Does Your Church Teach an Angry God?

Whenever I get these emails, this is the very first question I ask them. I ask them (1) if they attend church, and if so (2) what their church teaches them about God. Without fail, these Christians who contact me have attended, or currently are attending, a church which teaches them about an angry, vindictive, vengeful God.

Usually, they have heard some fire and brimstone sermon about the unpardonable sin or the sin of blasphemy against the Holy Spirit, and because of the book I have written on the subject, people contact me because they are scared out of their mind that they have committed this sin.

I always try to tell them that God loves them, forgives them, and accepts them … no matter what they have said or done. Due to the large number of emails I get these days, I rarely can get into long explanations or discussions via email about why this is true.

But my heart always goes out for these poor people. Their emails are full of pain and fear, and I sometimes think that many of them are manic-depressive, or bi-polar, or maybe even have OCD.

An Angry God and Mental Illness

So it was with great interest that I recently read that belief in an angry God is linked to mental illness. Here is the article I read:

Professor Nava Silton of the Marymount Manhattan College and her colleagues have reached these conclusions following their analyzing data collected during the 2010 Baylor Religion Survey of US Adults.

Thus, Professor Nava Silton focused on three different categories of people: those who believe in an angry God, those who believe in a loving deity and those who work on the assumption that God is a neutral entity.

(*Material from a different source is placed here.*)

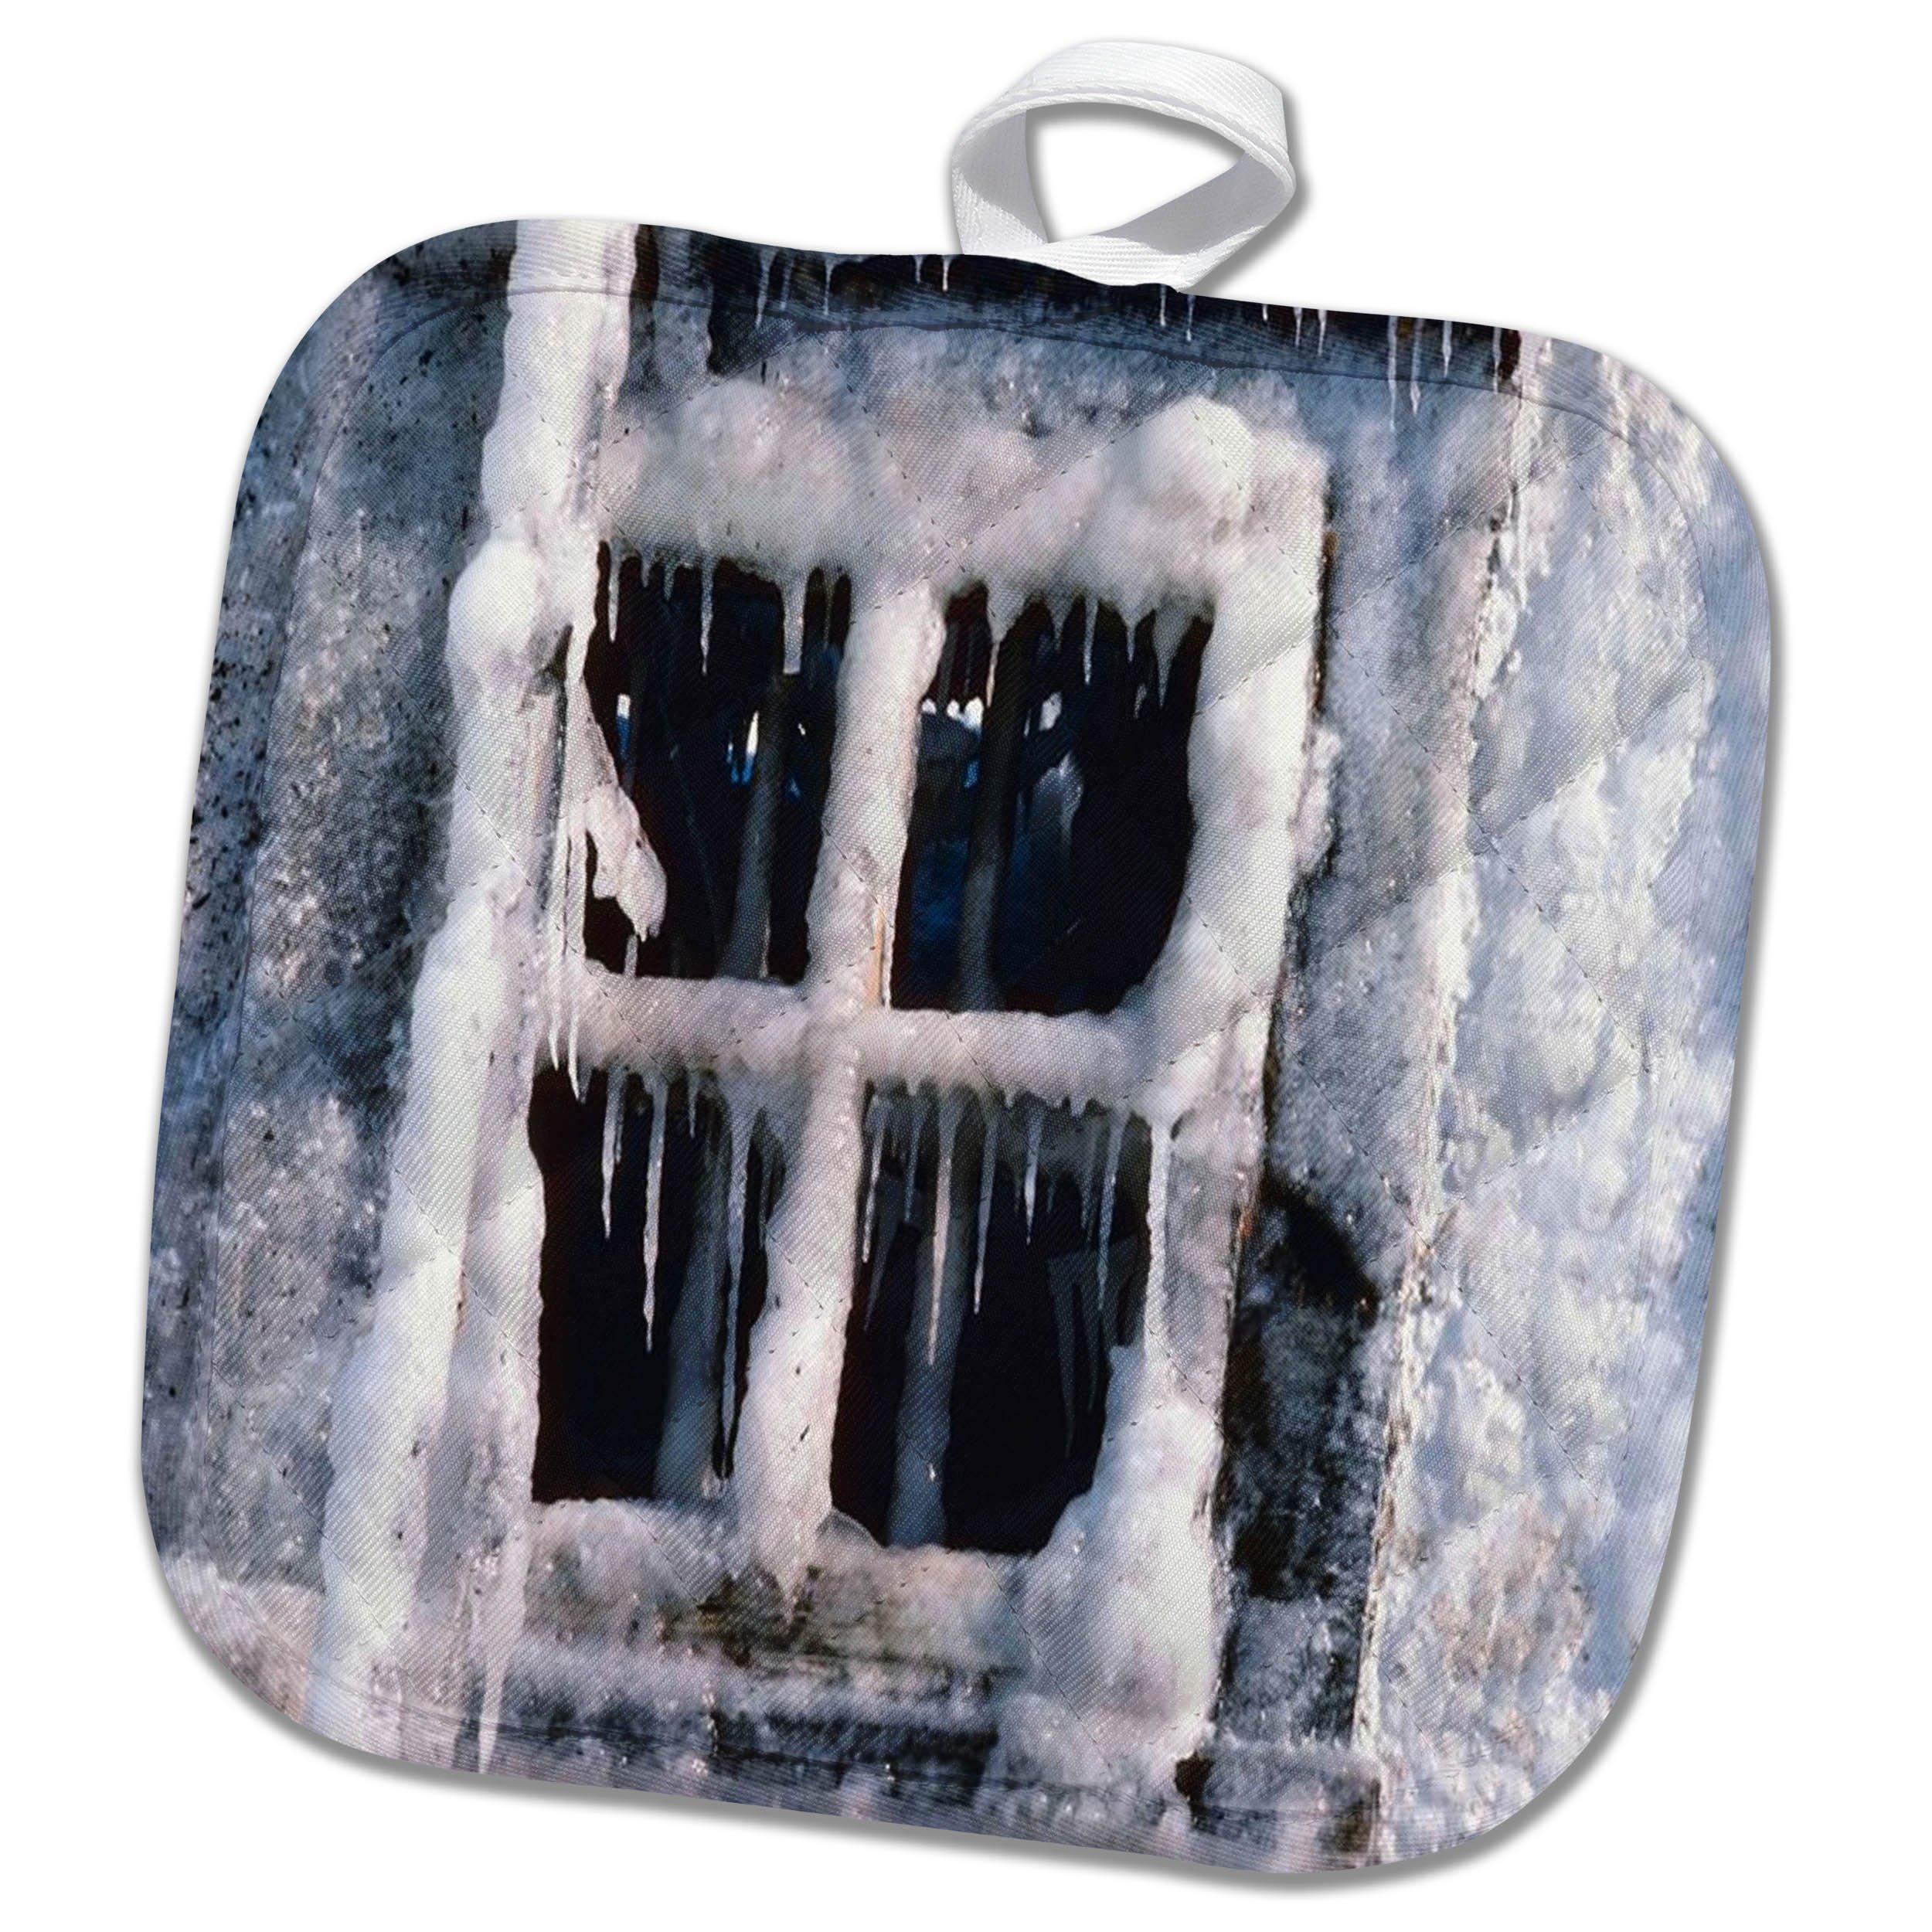 3dRose TDSwhite – Winter Seasonal Nature Photos - Snowed In Window - 8x8 Potholder (phl_284914_1)

“Three beliefs about God were tested separately in ordinary least squares regression models to predict five classes of psychiatric symptoms: general anxiety, social anxiety, paranoia, obsession, and compulsion,” reads the abstract for this paper.

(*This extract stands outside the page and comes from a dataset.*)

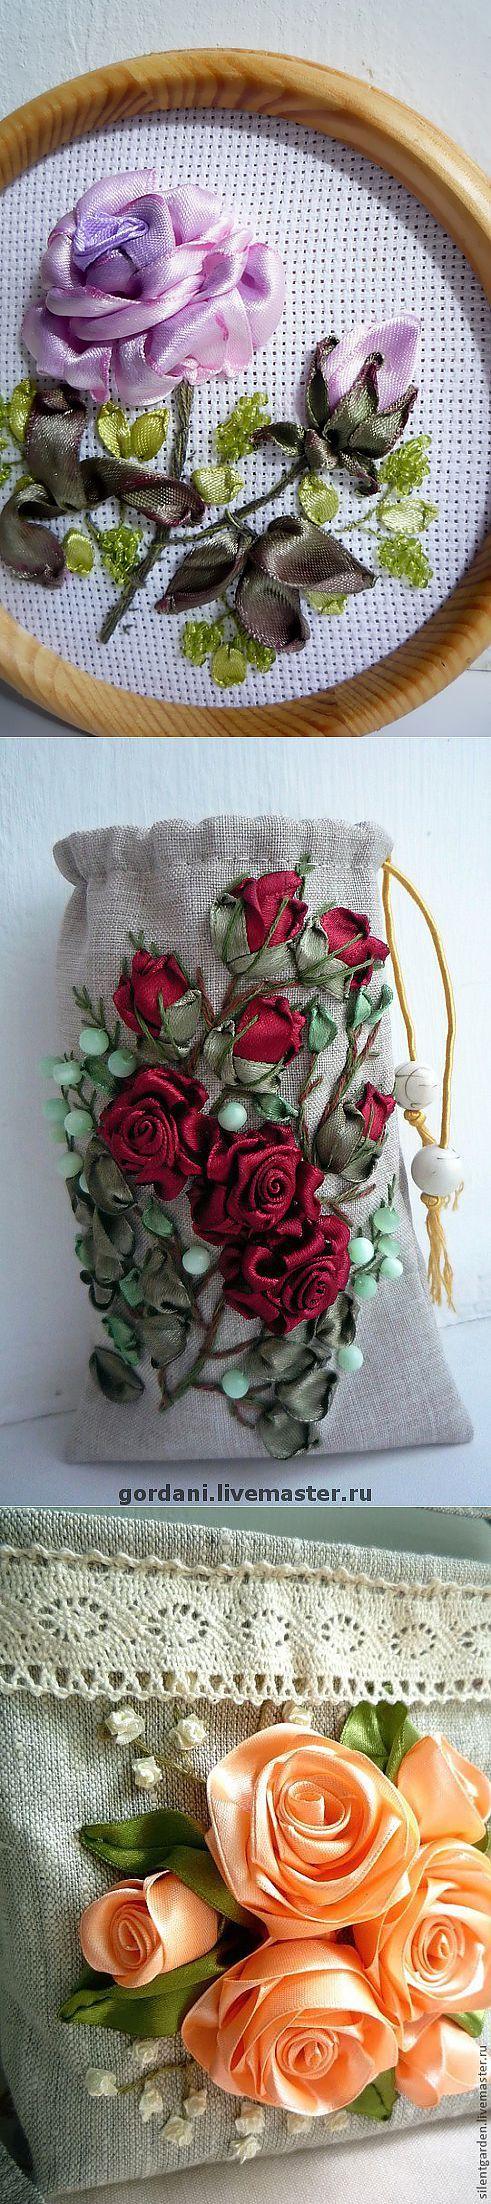 Объемная вышивка из ленты

Furthermore, “Belief in a punitive God was positively associated with four psychiatric symptoms, while belief in a benevolent God was negatively associated with four psychiatric symptoms, controlling for demographic characteristics, religiousness, and strength of belief in God. Belief in a deistic God and one’s overall belief in God were not significantly related to any psychiatric symptoms.”

The link between the belief in an angry God and mental illness was studied in the context of the Evolutionary Threat Assessment System Theory, which states that anxiety disorders are mainly the result of the brain’s not properly interpreting threats.

Professor Nava Silton wished to stress the fact that her research does not establish causation between the belief in an angry deity and anxiety disorders.

Quite the contrary, the study merely pins down a correlation between the two.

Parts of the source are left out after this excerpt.